Je m'exécute en silence, réprimant l'envie de lui envoyer le torchon au visage. Ici, je fais tout. Je nettoie, je sers, je réponds aux clients, je range, et je subis. Et tout ça pour un salaire minable. Pendant les heures creuses, je m'assieds derrière le comptoir, luttant contre l'ennui. Parfois, je me dis que j'aurais dû devenir ingénieur. Ce n'était pas mon rêve, mais au moins, je n'aurais pas fini dans cet enfer.

Vers 15 heures, alors que le bar est désert, la porte s'ouvre, et une femme entre. Elle est différente de tout ce que j'ai vu ici. Lunettes noir et blanc, cheveux noirs impeccablement coiffés en brushing, robe noire élégante qui crie richesse. Elle semble bien trop sophistiquée pour un endroit pareil.

Elle s'assoit au comptoir sans un mot, mais je me lève immédiatement. C'est mon rôle, après tout.

« Bonjour, que puis-je vous servir ? »

Elle tourne légèrement la tête vers moi, ses lunettes glissant un peu sur son nez, révélant des yeux perçants. « Un whisky.
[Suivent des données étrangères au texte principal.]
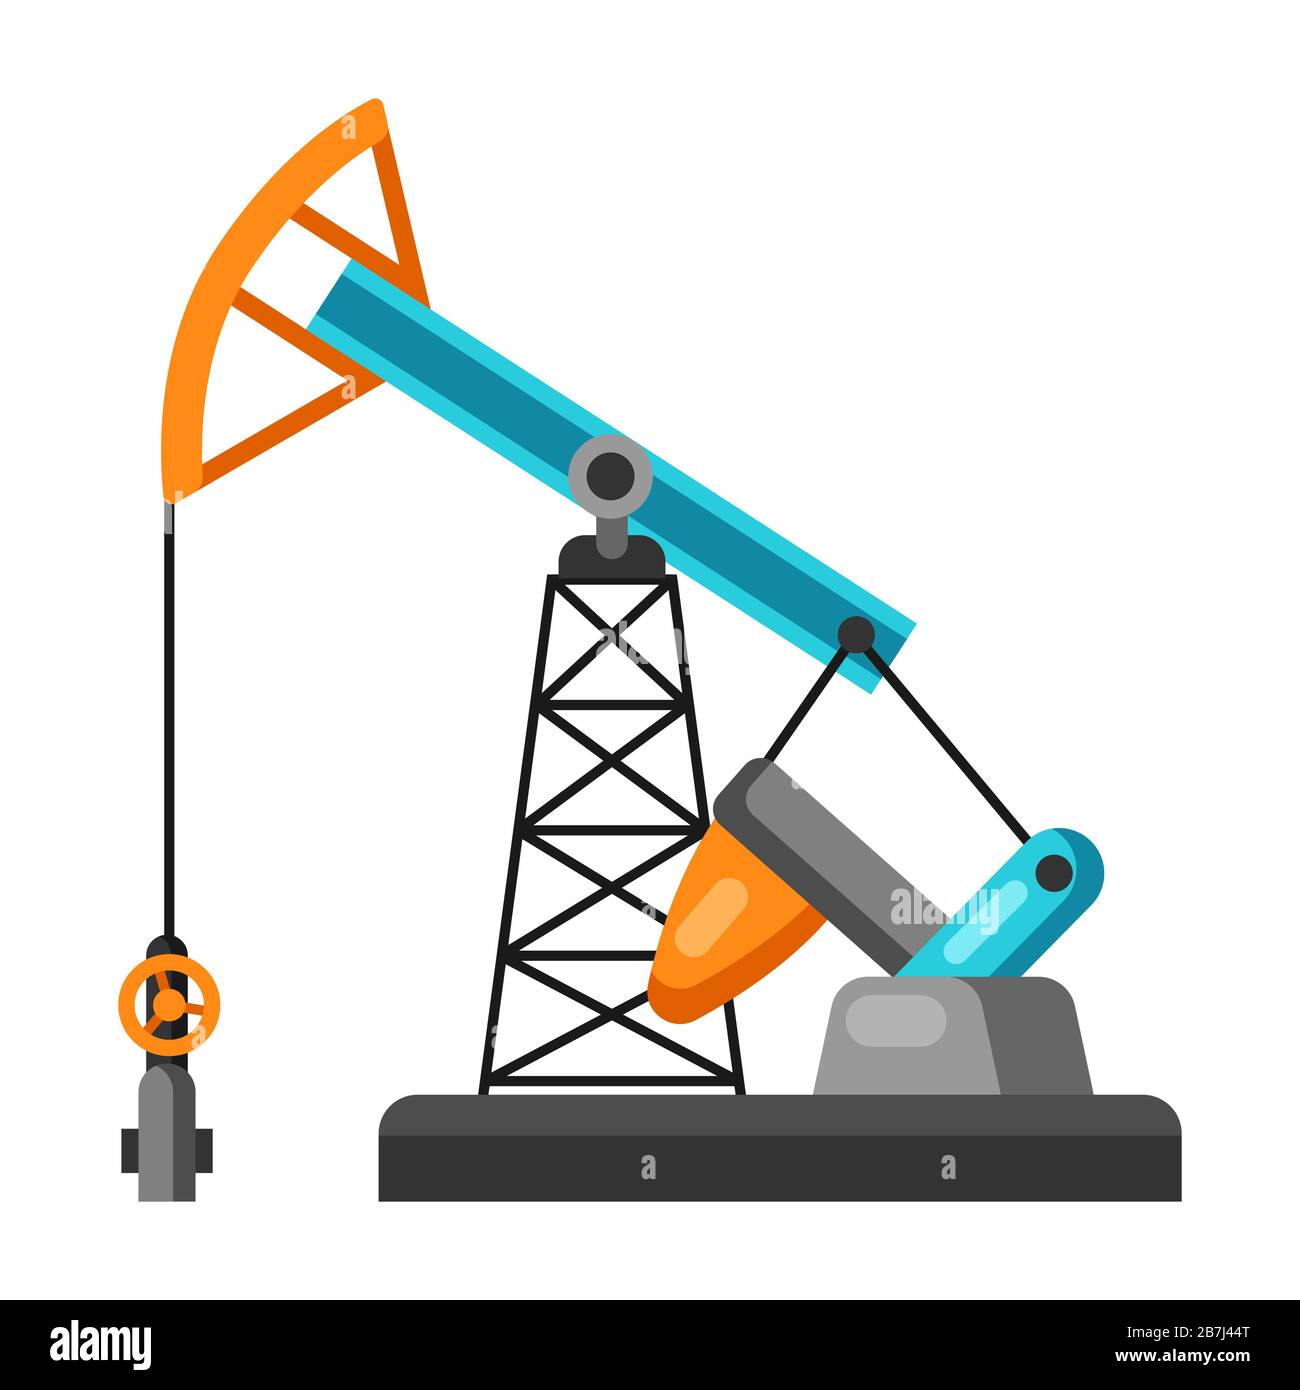 Illustration of oil pumpjack. Stock Vector

Double. »

Je hoche la tête et me rends rapidement au bar pour préparer son verre. Mais je sens son regard. Elle m'observe, presque trop attentivement, et ça me met mal à l'aise. Je reviens avec son whisky et le pose devant elle.

« Merci, » dit-elle d'une voix calme, presque hypnotique. Elle prend une gorgée avant de briser le silence. « C'est plutôt vide, ici. »

Je souris nerveusement. « Oui, à 15 heures, on ne voit pas grand monde. Et encore moins des personnes habillées comme vous. »

Elle esquisse un sourire subtil. « Alors, qu'est-ce qui vous amène ici ? Vous travaillez pour payer vos études ? »

Je secoue la tête. « Non, je n'étudie plus. J'ai tout arrêté pour devenir célèbre. C'est stupide, je sais, mais comme on dit : réussir ou mourir. »

Son intérêt semble soudain s'éveiller davantage. « Intéressant. Montrez-moi. »

« Montrer quoi ? »

« Votre art. Vos histoires. Ce pour quoi vous avez tout arrêté. »

Hésitant, je sors mon téléphone et lui montre quelques vidéos que j'ai créées. Elle les regarde avec une concentration déconcertante.

« C'est amateur, je sais, » dis-je en grattant ma nuque. « Je n'ai pas de budget. »

Elle repose le téléphone et se lève lentement, ses gestes empreints de mystère. « La plupart des gens ne se méfient pas de ce qui n'existe pas. Et sans peur, il n'y a pas d'amour. Vous, vous n'existez pas. »

Je reste figé, perplexe, alors qu'elle sort une carte noire de son sac, la tenant délicatement entre deux doigts. Elle la pose sur le comptoir.

« Appelez ce numéro, » dit-elle avant de se retourner et de s'éloigner avec la même élégance hypnotique. Une Rolls Royce noire l'attend dehors. Elle monte à l'intérieur et disparaît.

Ce n'est qu'après son départ que je réalise : elle est partie sans payer. Déstabilisé, je fixe la carte sur le comptoir. Dessus, en lettres blanches, on peut lire : Symbole™, suivi d'un numéro de téléphone.

Un frisson me parcourt. Quelque chose en moi me dit que je devrais jeter cette carte, l'oublier. Mais mes doigts tremblent déjà en la saisissant.